Reply With Quote Quick reply to this message
 
Old 04-26-2023, 08:44 PM
 
13 posts, read 18,534 times
Reputation: 30
Soooo in early 2014 we broke up. She cheated, I found out and cut ties. So then i just focused on me. My career took off, I was traveling more for work due to new freed up capacity for focusing on my career. It paid off and another fortune 500 company got wind of my capabilities and well offered me way more to do more of what I love, robotic/electronics engineering. I got a house in a great neighborhood and got a dream car (I'm a gear head) that I always wanted. Then by chance my now wife and I ran into each other at a resturant where we both were eating alone.

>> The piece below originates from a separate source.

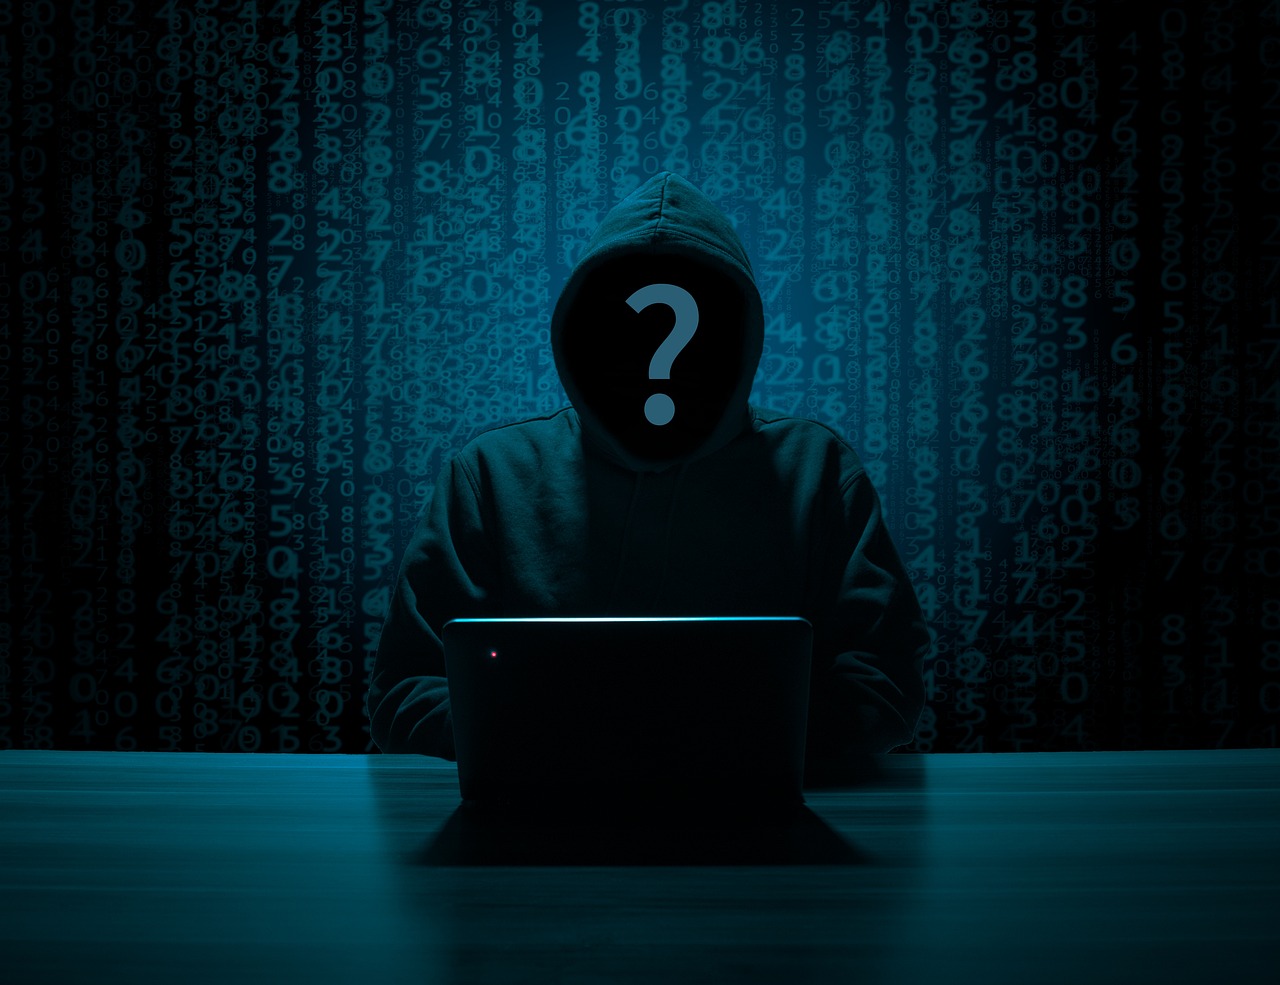 Un grupo de hackers logra vulnerar la seguridad de empresas y medios de comunicación israelíes. Foto: B A/Pixabay.
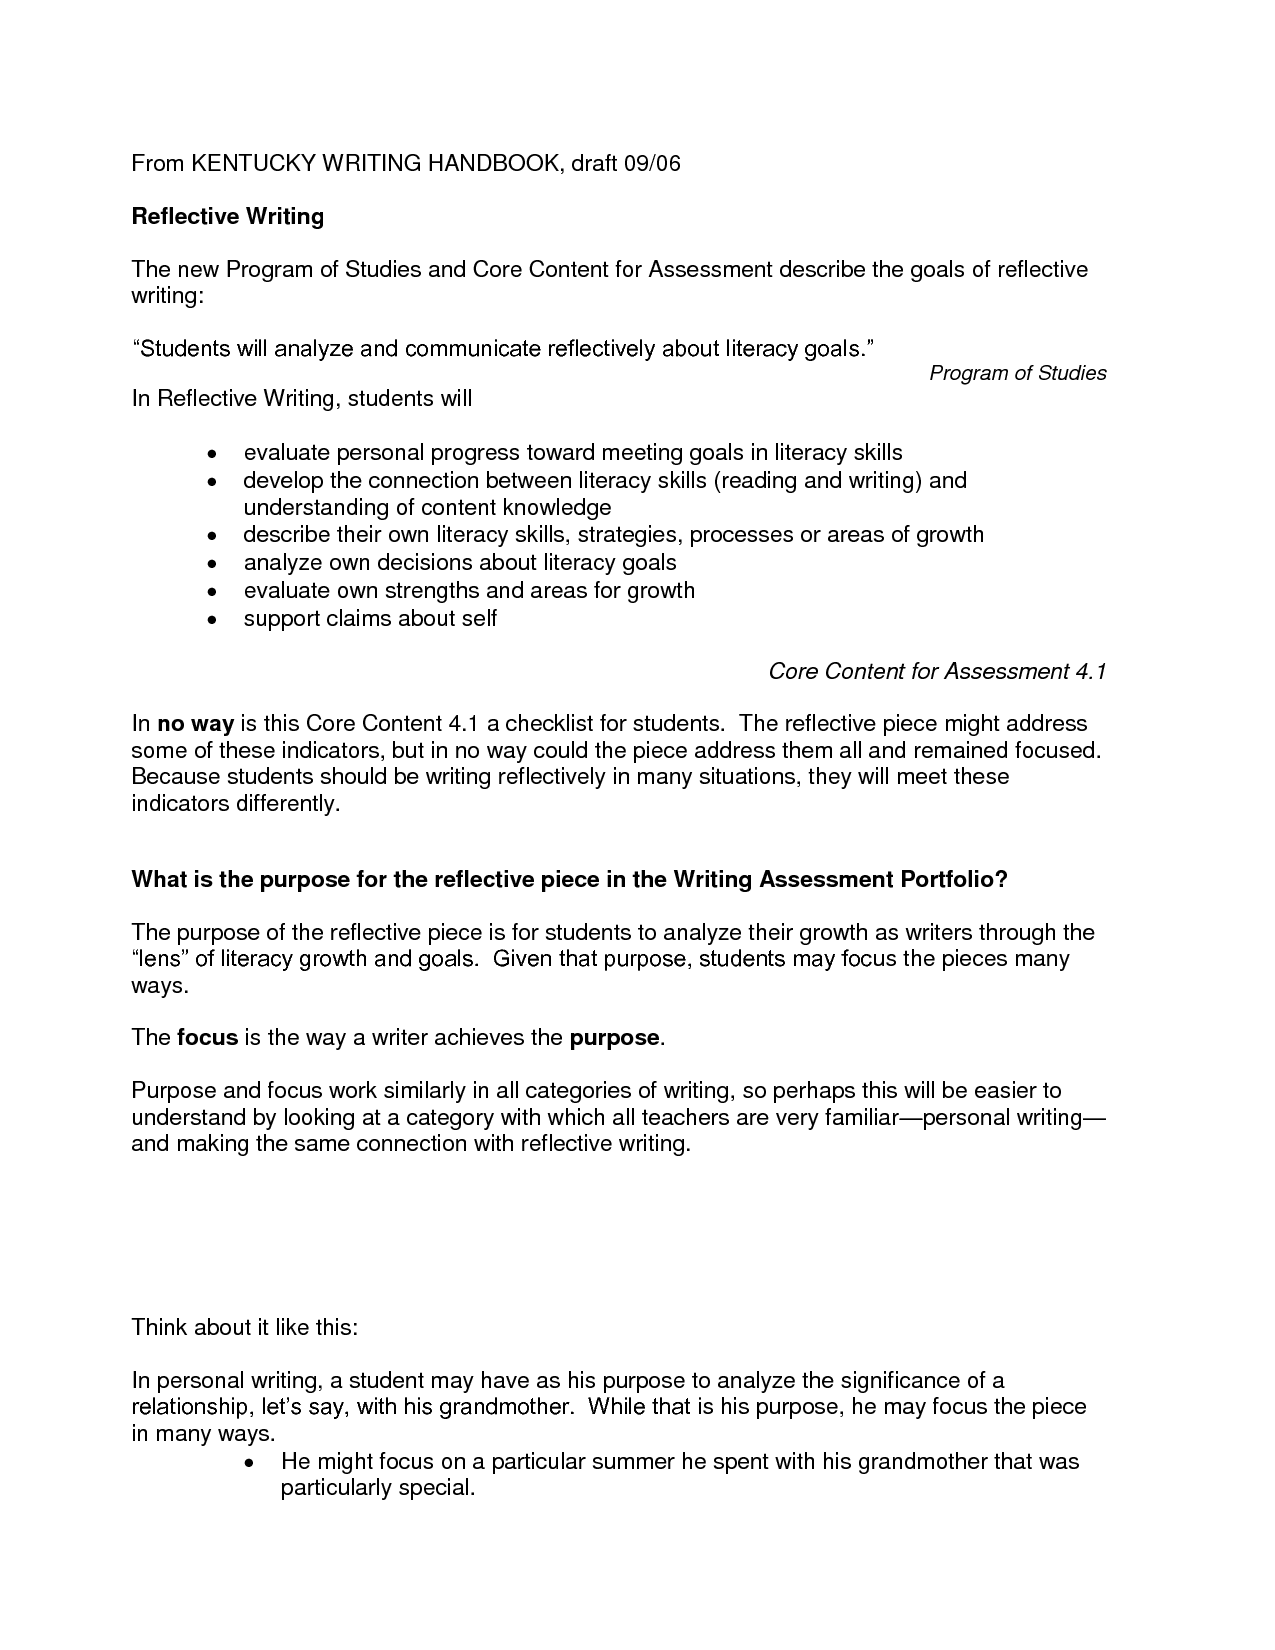 Nursing Reflective Essay Writing Image

This is around late 2015. I was not looking for anything from anyone, not even just physical urges (mostly because I had baggage I didn't want to subject anyone too before healing properly). We were cordial, said hello and went on our separate ways.

Fast forward to mid 2016 around my birthday (virgo -to not be too specific) she sends me a Instagram message wishing me happy birthday and asking if I'm going to do anything for my bday (she knows typically I dont). I'm not sure I even remember how it happened but we ended up meeting up for a cocktail hour at a business mixer. She started telling about how she's started therapy and working through what she did and why she did it and that she was sorry for how things turned out.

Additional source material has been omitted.